Menu

ICODEIT

Machine Learning
Case Studies

Data Analysis and Visualization

Context


The Dataset has information about 100k orders from 2016 to 2018 made at multiple marketplaces in Brazil. Its features allow viewing an order from multiple dimensions: from order status, price, payment and freight performance to customer location, product attributes and finally reviews written by customers.

This Dataset was generously provided by Olist, the largest department store in Brazilian marketplaces. Olist connects small businesses from all over Brazil to channels without the hassle and with a single contract. Those merchants are able to sell their products through the Olist Store and ship them directly to the customers using Olist logistics partners.

After a customer purchases the product from Olist Store a seller gets notified to fulfill that order. Once the customer receives the product, or the estimated delivery date is due, the customer gets a satisfaction survey by email where he can give a note for the purchase experience and write down some comments.

The module data_analysis.py contains the functions that bring the order and structure to the selected data.

The first part provides a general overview of the data, prints samples, and Null values. The second part prepares the data for the following analysis, extracting the relevant information.

Further on, Monthly Revenue and Revenue Growth Rate are calculated and visualized on a graph.

Monthly Revenue grew steadily until November 2017 when it reached its peak of 1.176 million BRL. December followed by a drop to the amount of the previous month of October. A slight increase in orders by two hundred thousand is observed in January with a backdrop and raise of about a hundred thousand in March 2018 and remained relatively the same all the way through April till May 2015. Starting from the month of May, the orders decreased to 1 million and from August to September plummeted to zero in one month.

The maximum Revenue Growth Rate was reached in January 2017 and is 13033%. A more thorough look into details is required to investigate the сausal relationship that generated such a result.

Zoom in to random 4 month period from 201709 to 201803 reveals minor fluctuations within +0,5% and -0,3%.

One way to increase revenue is to understand the client's behavior. Therefore, first, we need to keep the track of Monthly Active Users. A record quantity of 7342 active users ordered in November 2017. From May 2017 when the number of users reached 3588 users the monthly number doubled in November 2011 and until September 2018 was not going lower than 5557 users(201712). September 2018 had no active users which explain the abrupt revenue drop.

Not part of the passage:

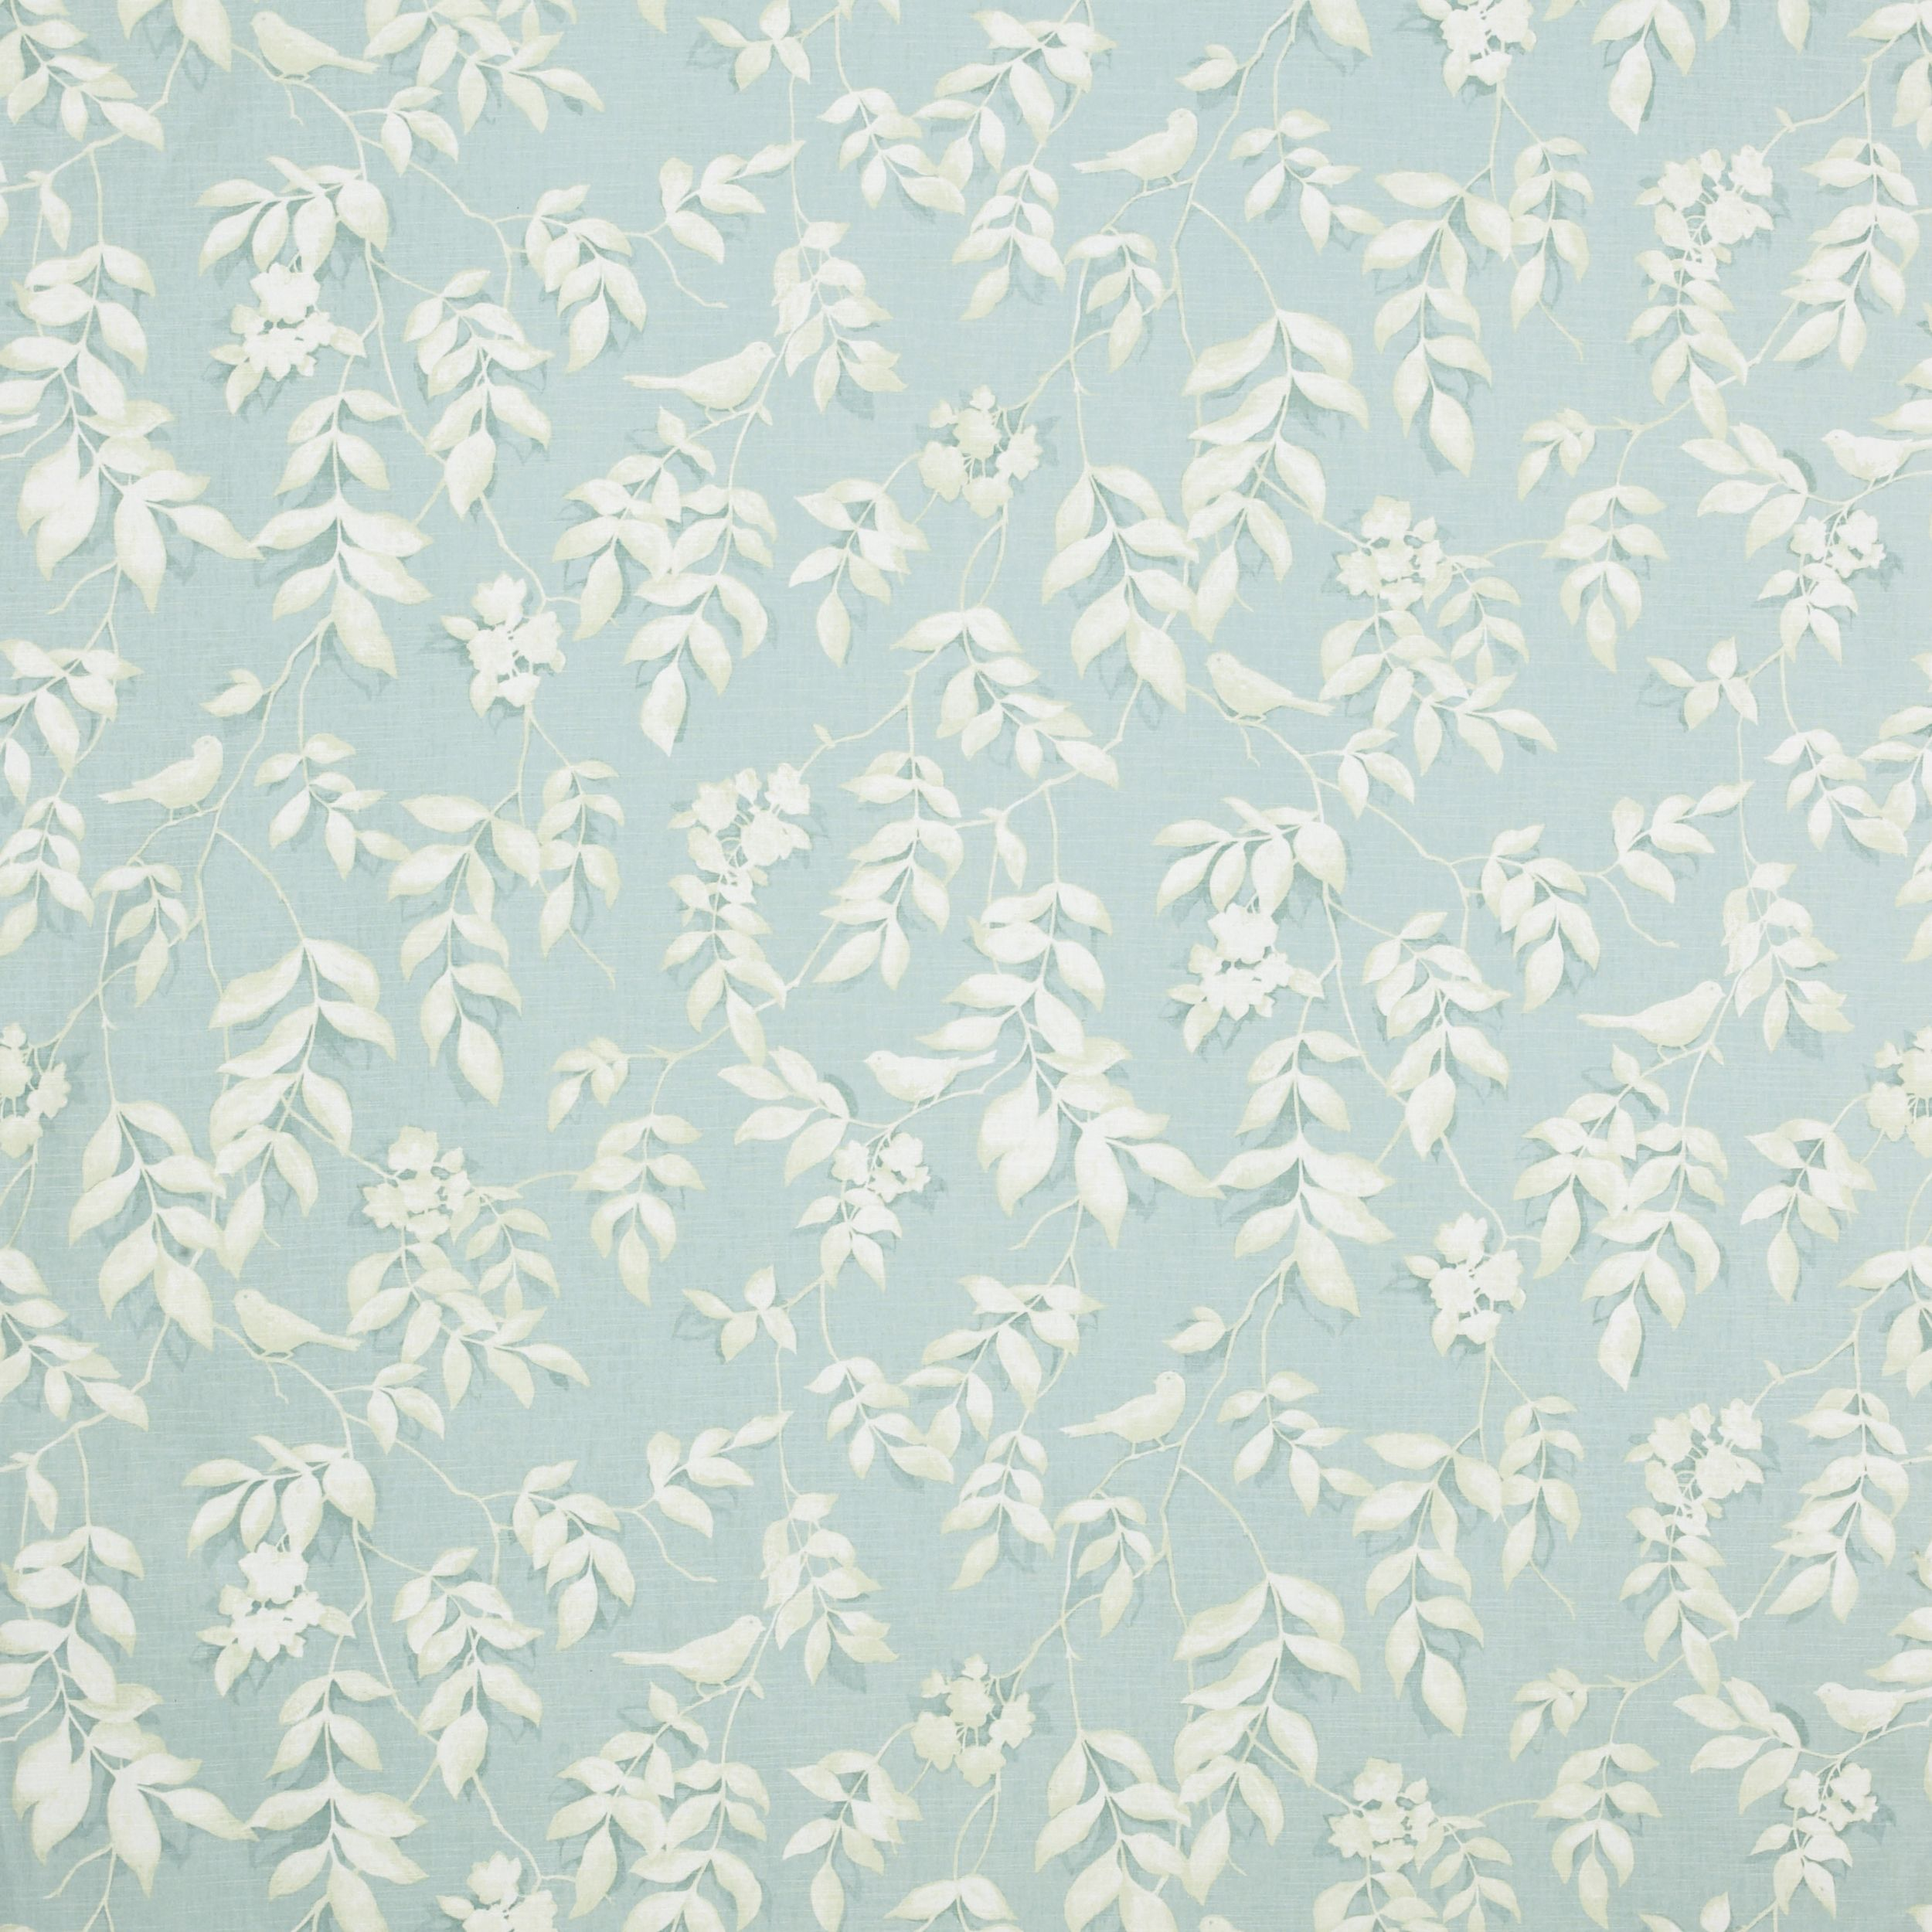 Laura Ashley Lockwood Print Cotton Linen Curtain Fabric Duck Egg

Next, we are going to look at the Monthly Sales. As expected, the record amount of 10.63k items were sold in November 2017.. The plot pattern looks similar in shape to the monthly active users.

Average Revenue Per Order is an important indicator of the business wellbeing. December 2016 was marked by the most modest average revenue of 10 BRL. The highest average of 156 BRL was reached in September 2017 and the average revenue per order is 130 BRL.

/

To explore business growth opportunities, the management needs to know its loyal customer rate. In order to do this, first, we should try to plot on the graph new and old customers. The pattern of the plot resembles monthly revenue graph. It also reveals that new clients brought almost all of the business revenue. June 2018 brought 29.87k BRL in revenue by old customers comparing to 945.20k BRL by the new ones.

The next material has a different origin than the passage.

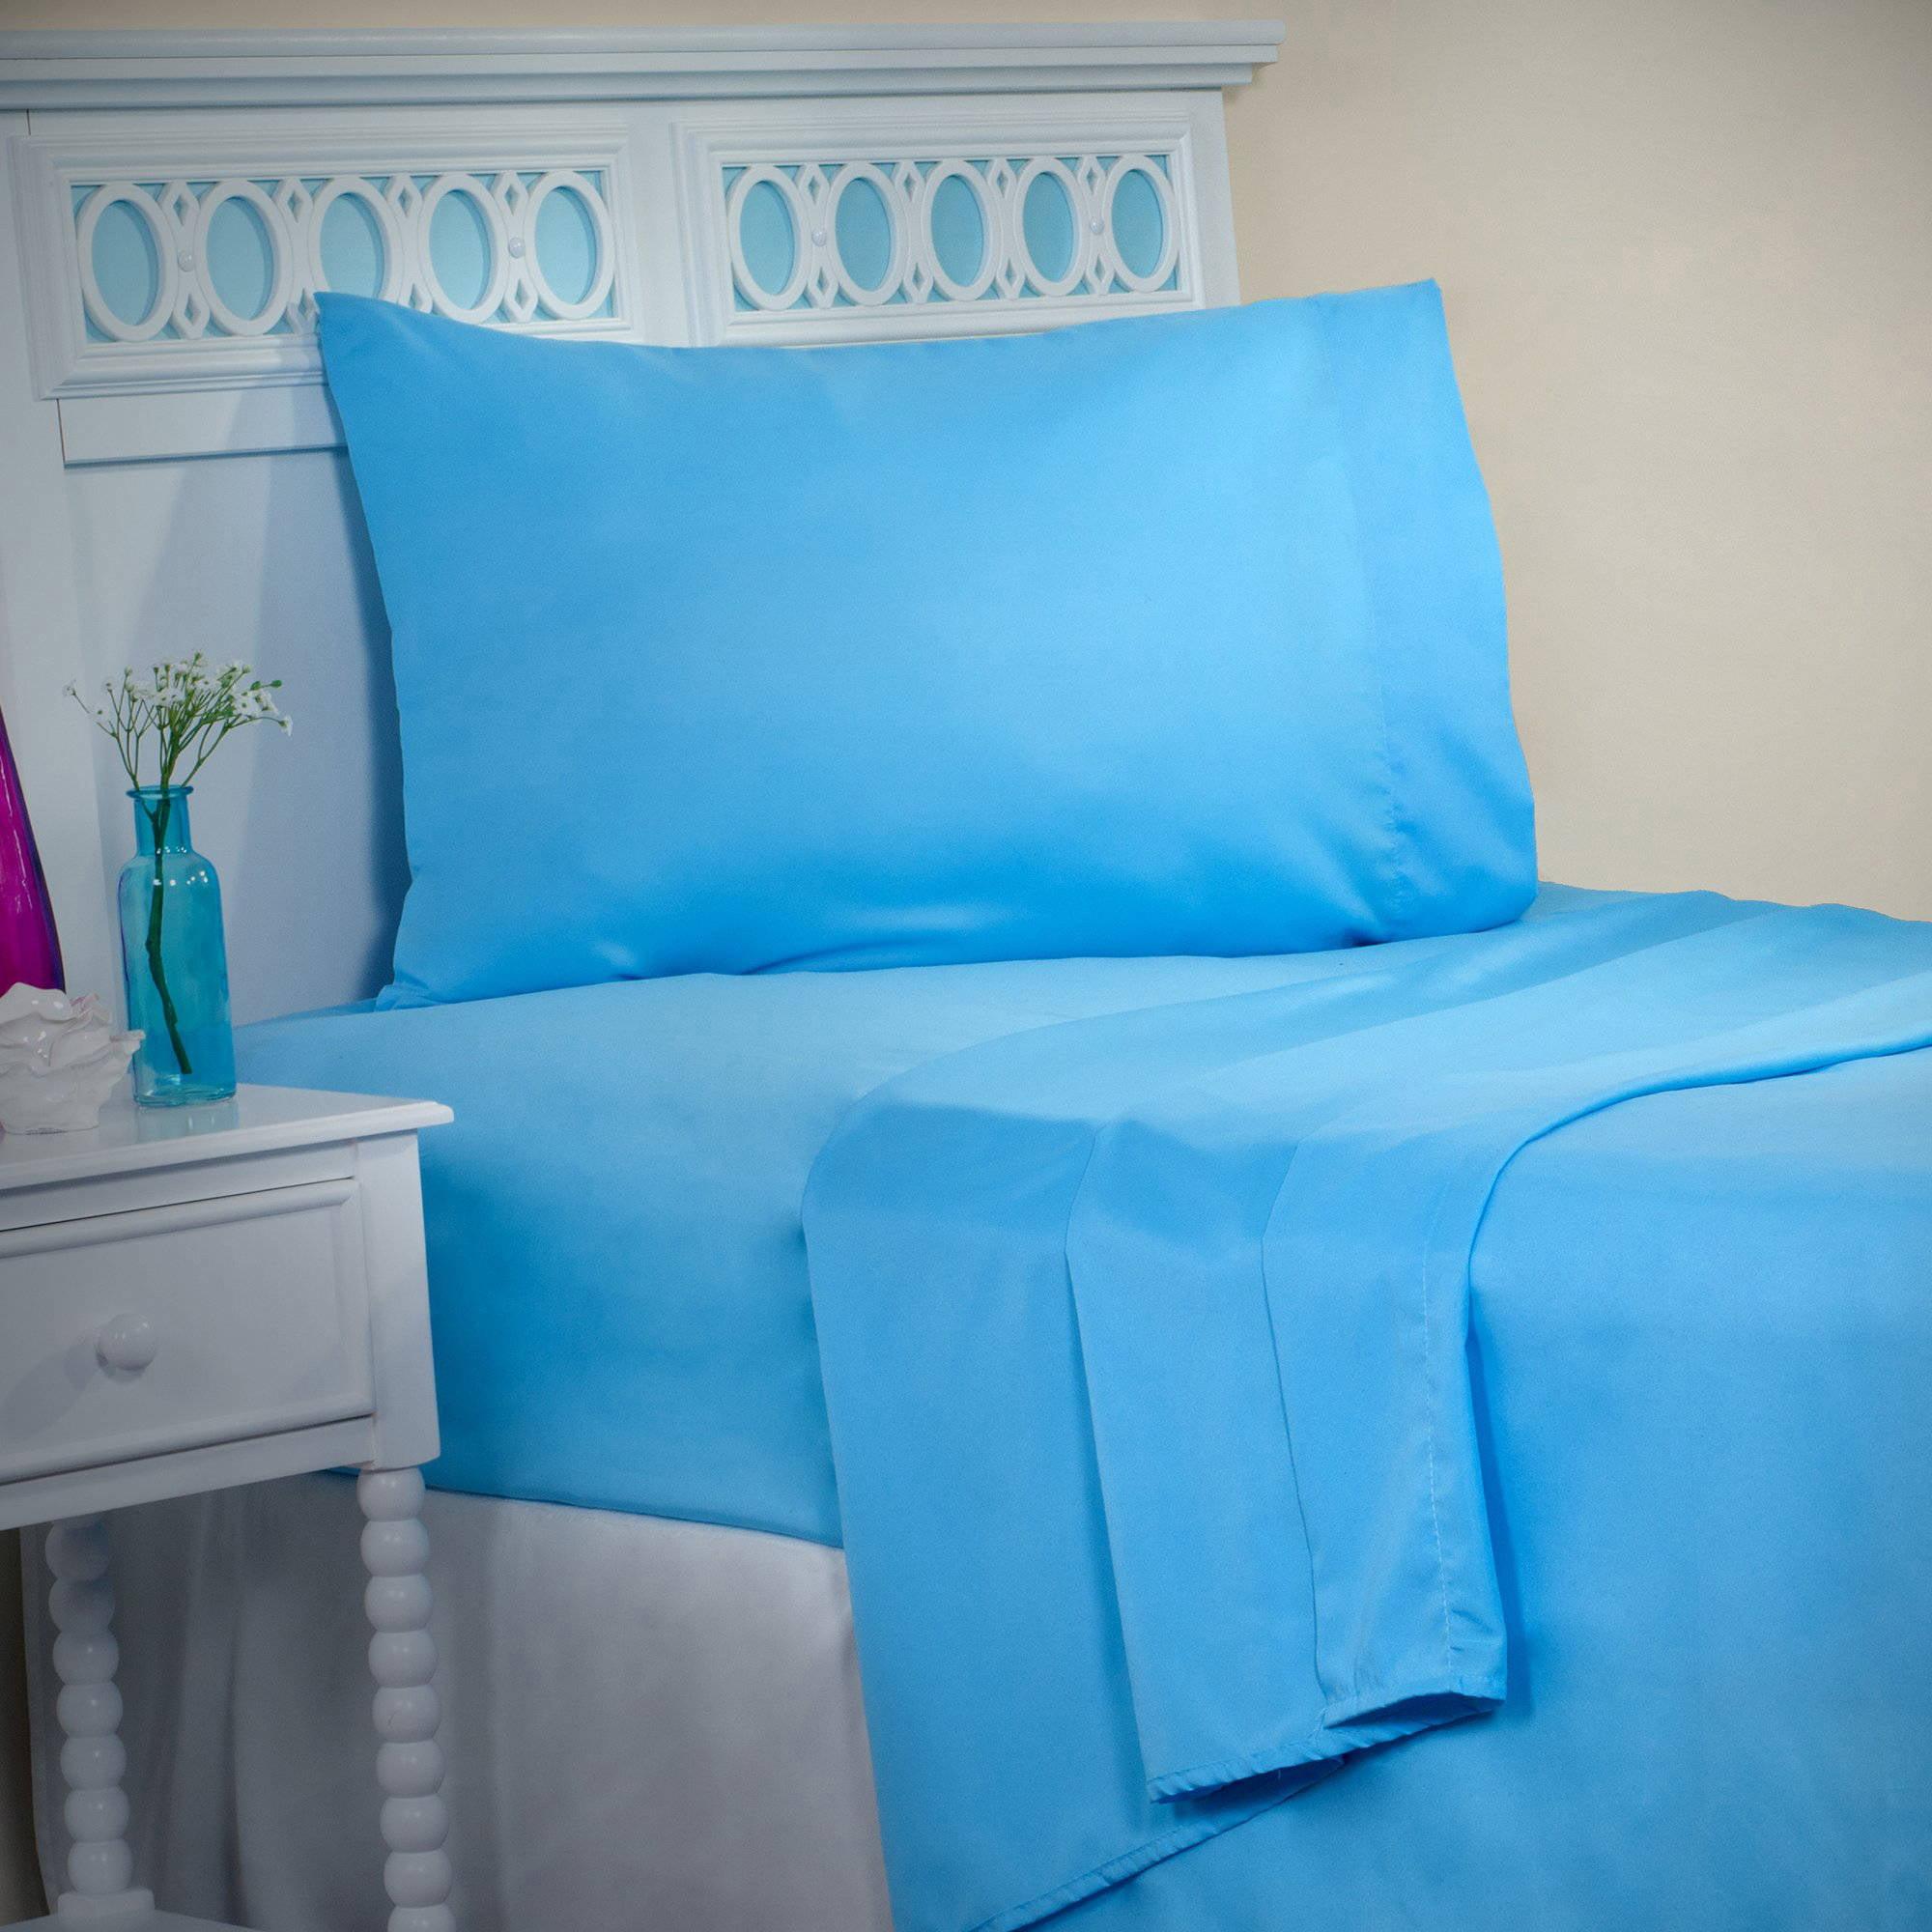 Somerset Home Series 1200 3-Piece Twin SHeet Set, Blue by Trademark Global LLC

Now we will plot the ratio of the old clients to the new ones. The biggest difference of 754 can be noticed at the same time when the first repeat purchases were made in January 2017. The lowest rate 31 was in August 2018.

Finally, we can build the graph for the Loyalty Rate (the quotient obtained by dividing loyal customers by total customers). Ironically, our graph displays the most loyal month of two years as September 2018, when the revenue dropped to zero and there were no orders made, giving it an index of one. This is explained by the fact that the more loyal customers there are the closer the quotient to one and the less loyal customers there are the closer the quotient to zero, because the amount of the loyal customers can never be larger than the amount of the total customers. Therefore the output of Cohort Loyalty Rate that this data analysis module contains on the data has no practical significance.

Summarising this brief data analysis, it is necessary to mention, that despite the low loyalty rates that have been observed, there is still a window for a business opportunity. Further marketing research may shed light on new ways to increase sales.